*WHAT TO PRODUCE*
A faithful transcription of all the data, images excluded, is the required answer.

*DATA SECTION*
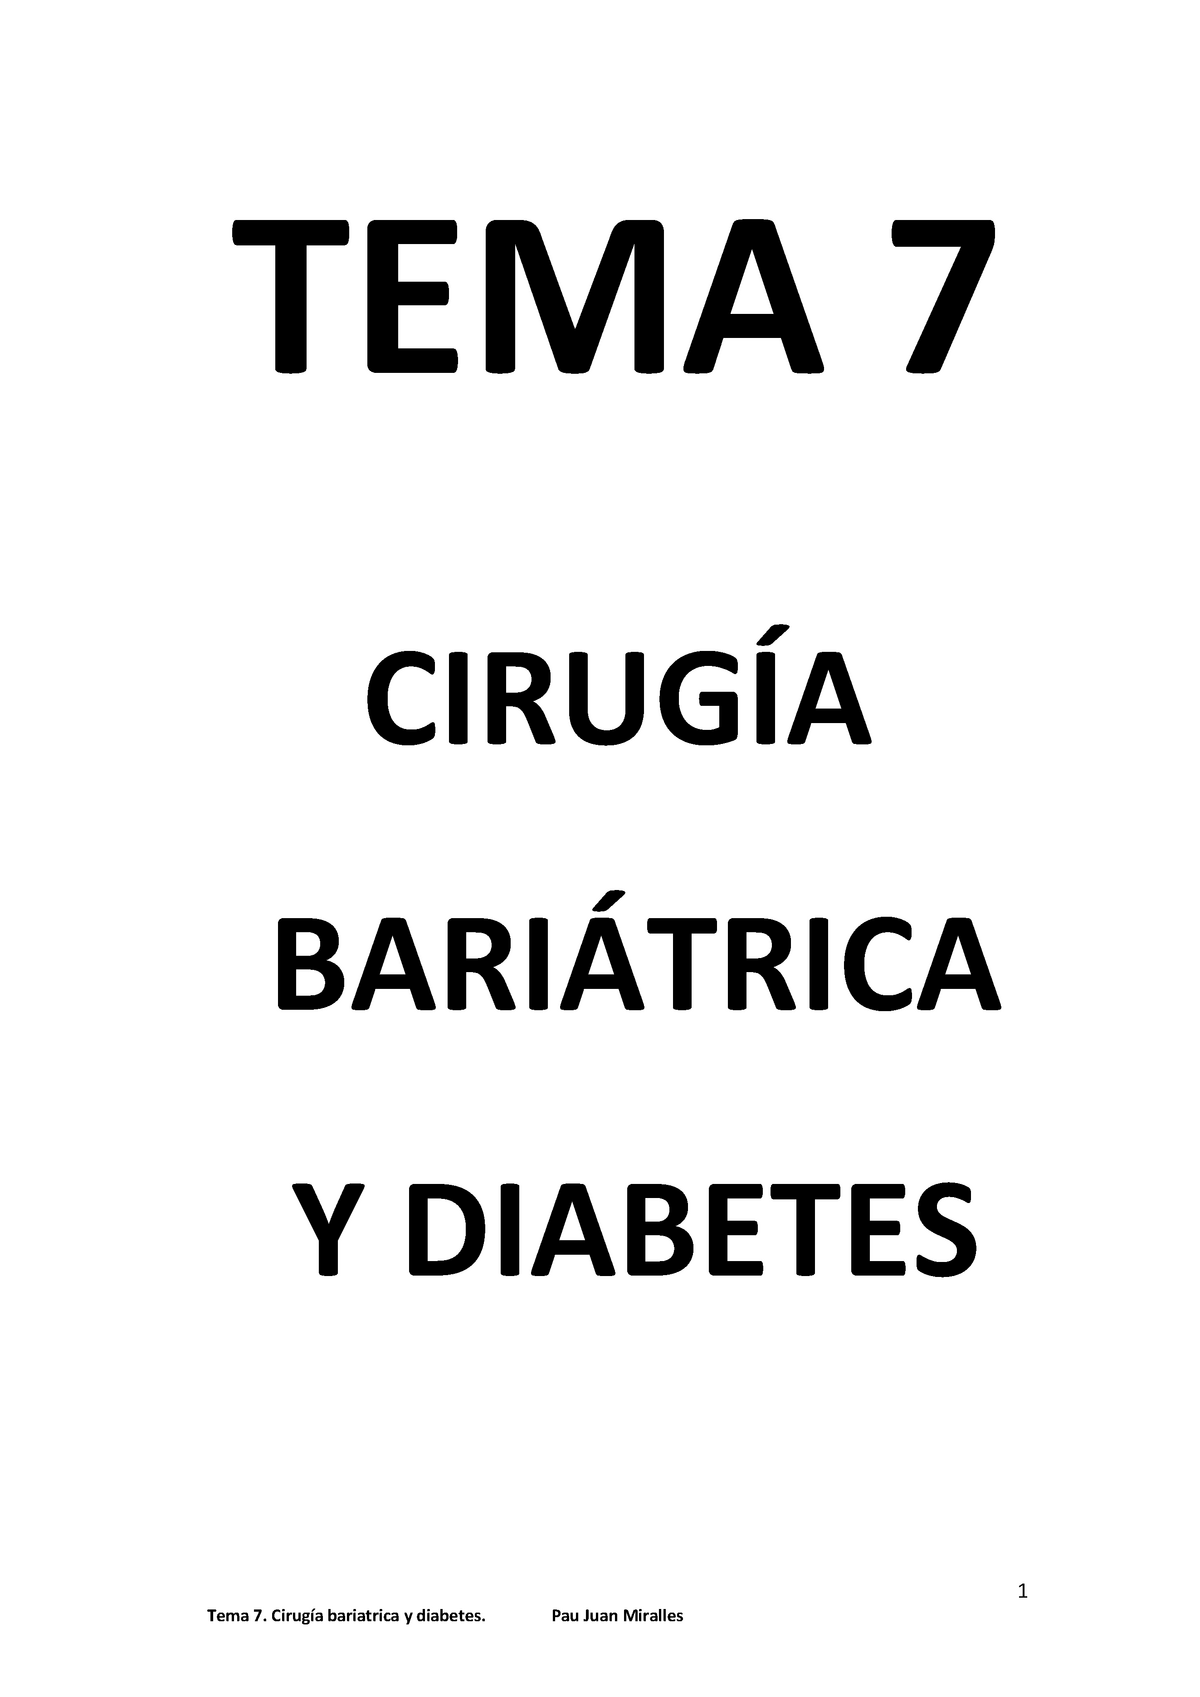 endobarrier complicaciones de diabetes
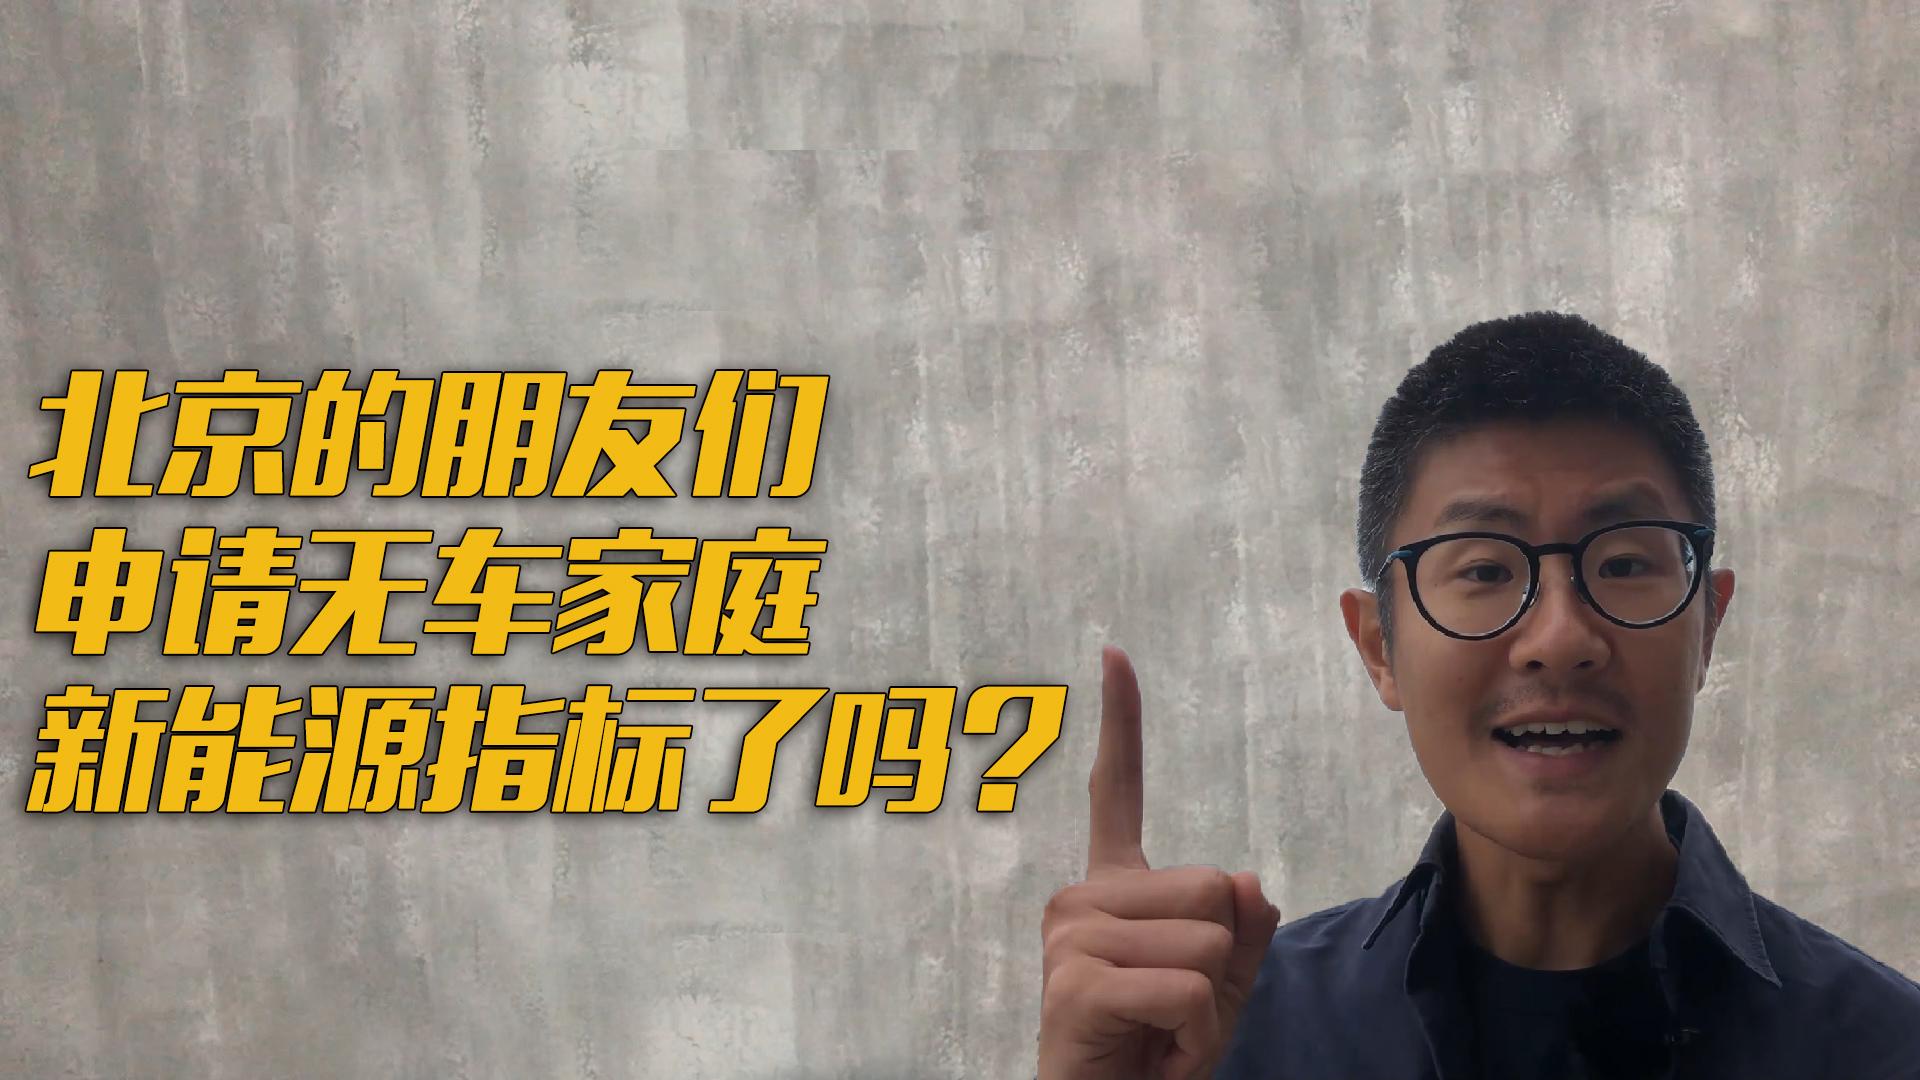 北京的朋友们,申请无车家庭新能源指标了吗?
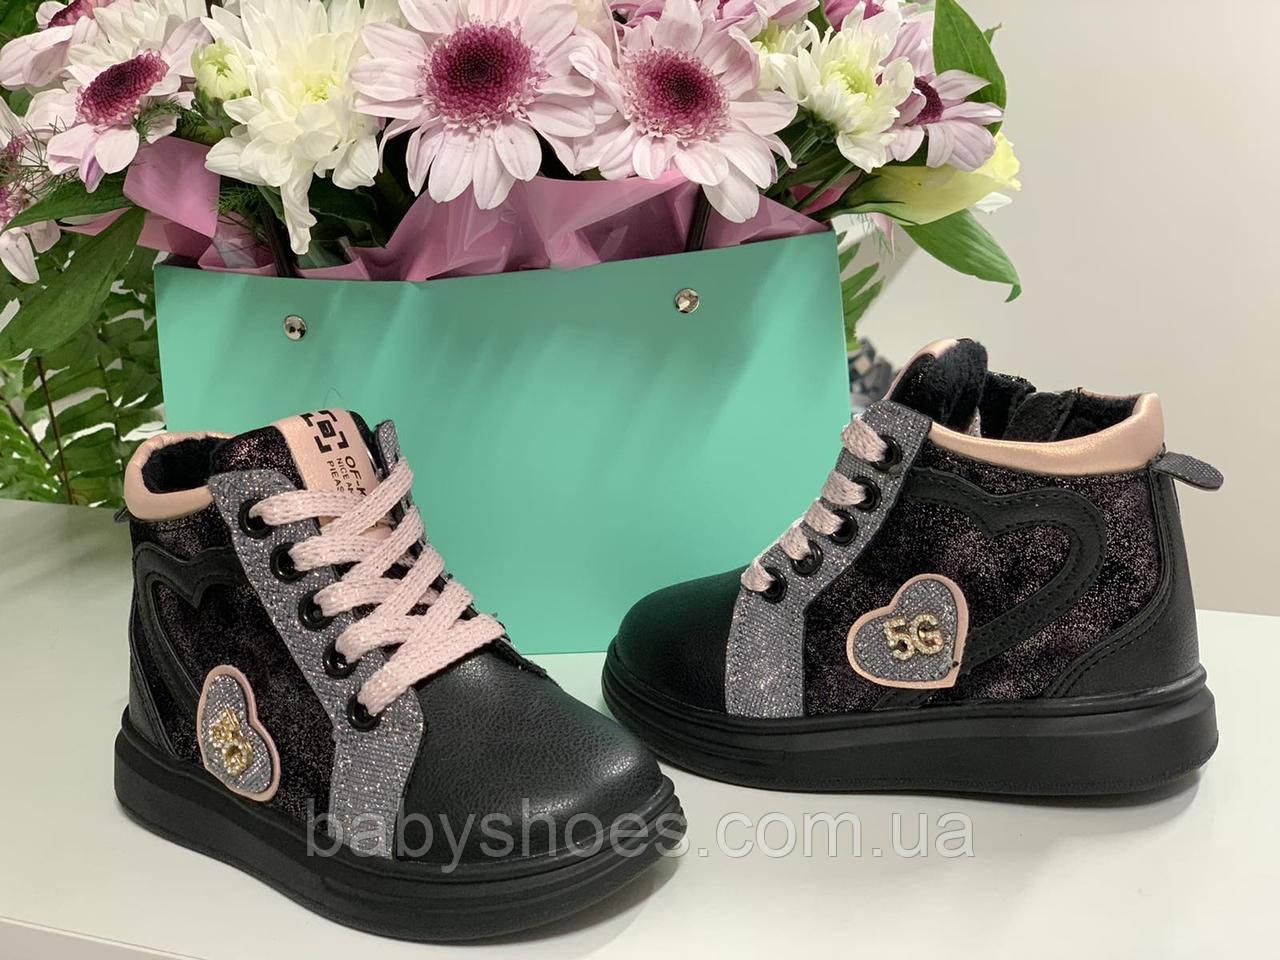 Демисезонные ботинки для девочки,Jong Golf. р.29, ДД-265

*RESULT OF THIS TASK*
 endobarrier complicaciones de diabetes
 北京的朋友们,申请无车家庭新能源指标了吗?
 Демисезонные ботинки для девочки,Jong Golf. р.29, ДД-265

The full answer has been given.